Where Phonogram‘s first volume Rue Britannia, radiated nostalgia, Singles Club is about the immediacy of pop music, and the power that lies in the pop moment. Appropriately, most of the new characters are around about twenty, rather than approaching thirty, as was the case with most of the cast of Rue Britannia. It’s about how great clubs are, especially when you’re twenty and all you want to is dance and have fun, even if there are some people who can’t live in the moment, and really need to get over themselves.

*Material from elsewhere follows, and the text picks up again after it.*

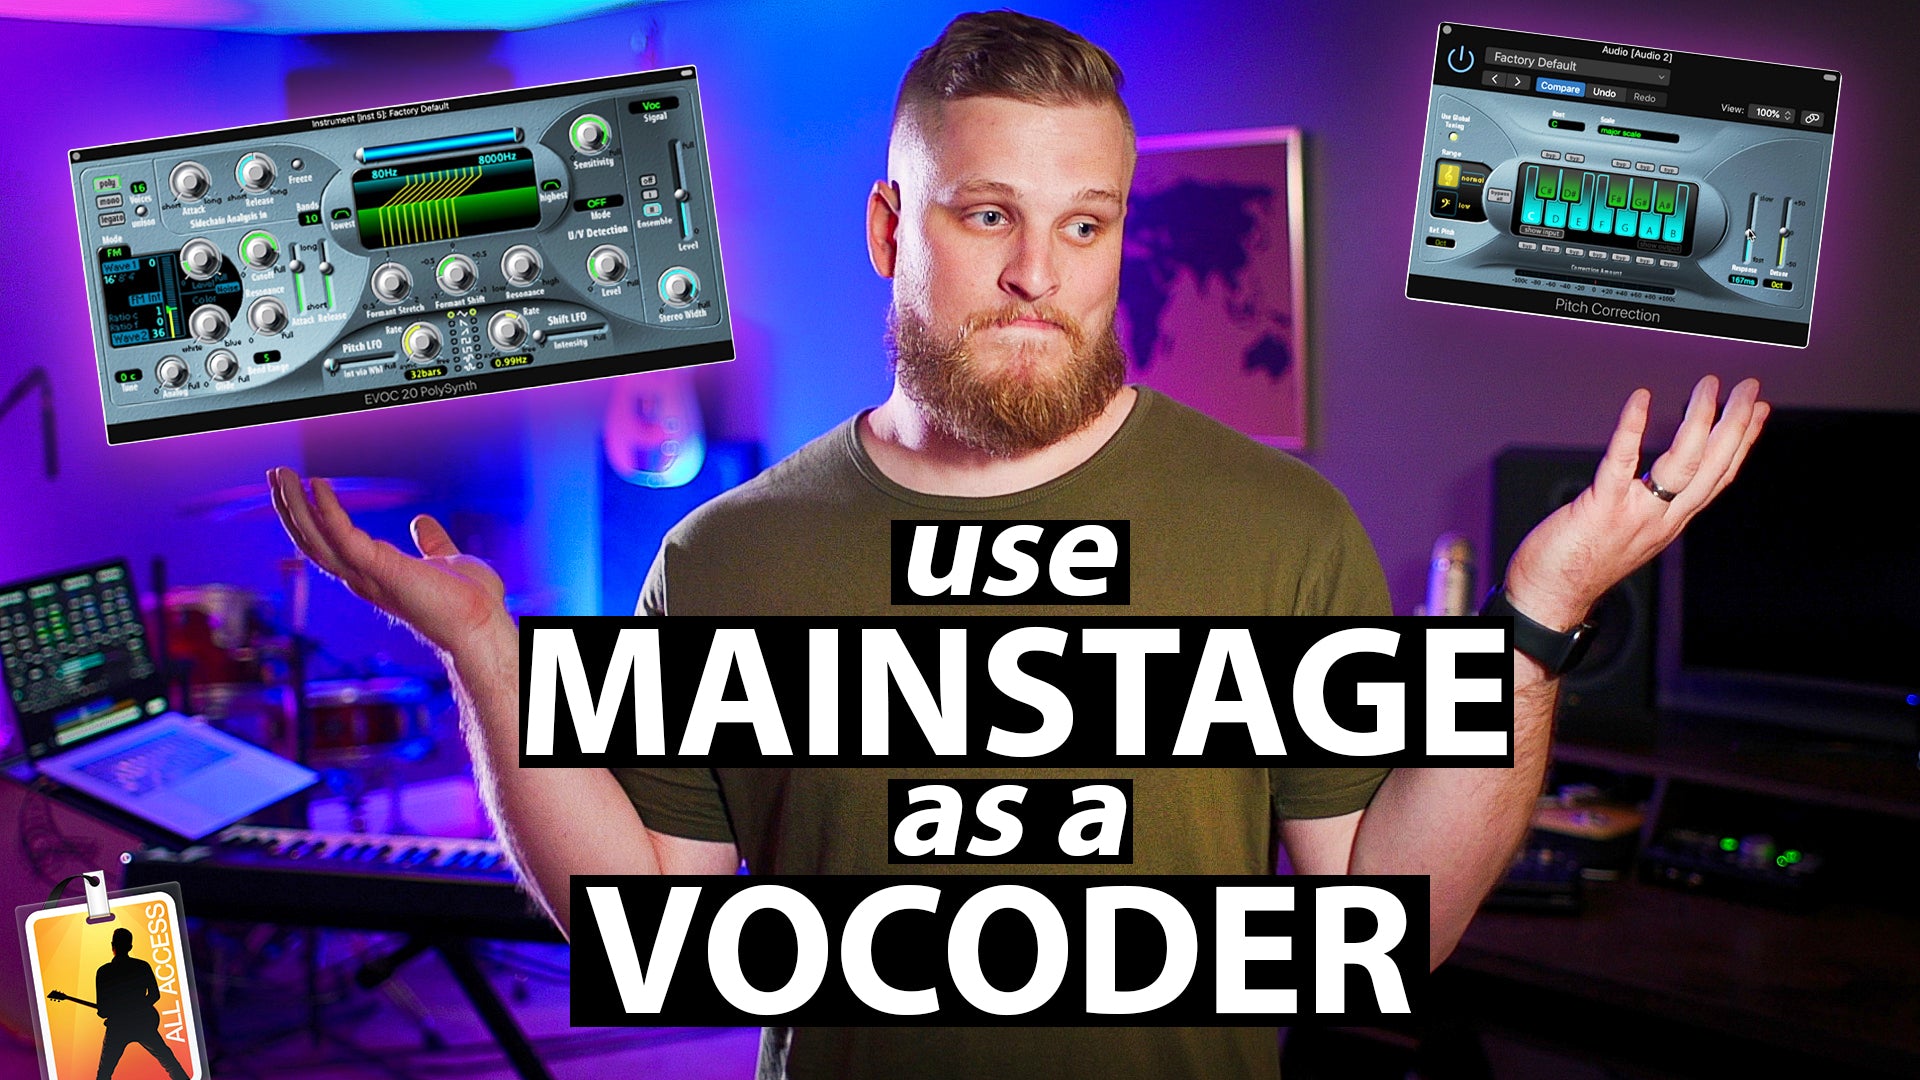 MainStage Tutorial: How to Use MainStage as a Vocoder - Part 2

Gillen’s writing continues to improve. Though informed by a broad and deep knowledge of pop music, his script here is less demanding of an equal knowledge in the reader when compared with Rue Britannia. You don’t really need to have heard Pull Shapes to understand the references to it, or even to have a clue who the Pipettes are. The comic makes it clear that this is a record that some people think is the greatest pop tune ever, and others are a bit snobbish about. And that’s all you need.

McKelvie’s artwork bursts into life here. The adoption of plain, simple, six, eight or nine panel grids imposes a discipline that allows McKelvie to express himself with simplicity, his line is gorgeous, and colour provides a sense of reality that’s perhaps not entirely there in Rue Britannia. A lovely comic that you should read. Phonogram continues with Immaterial Girl.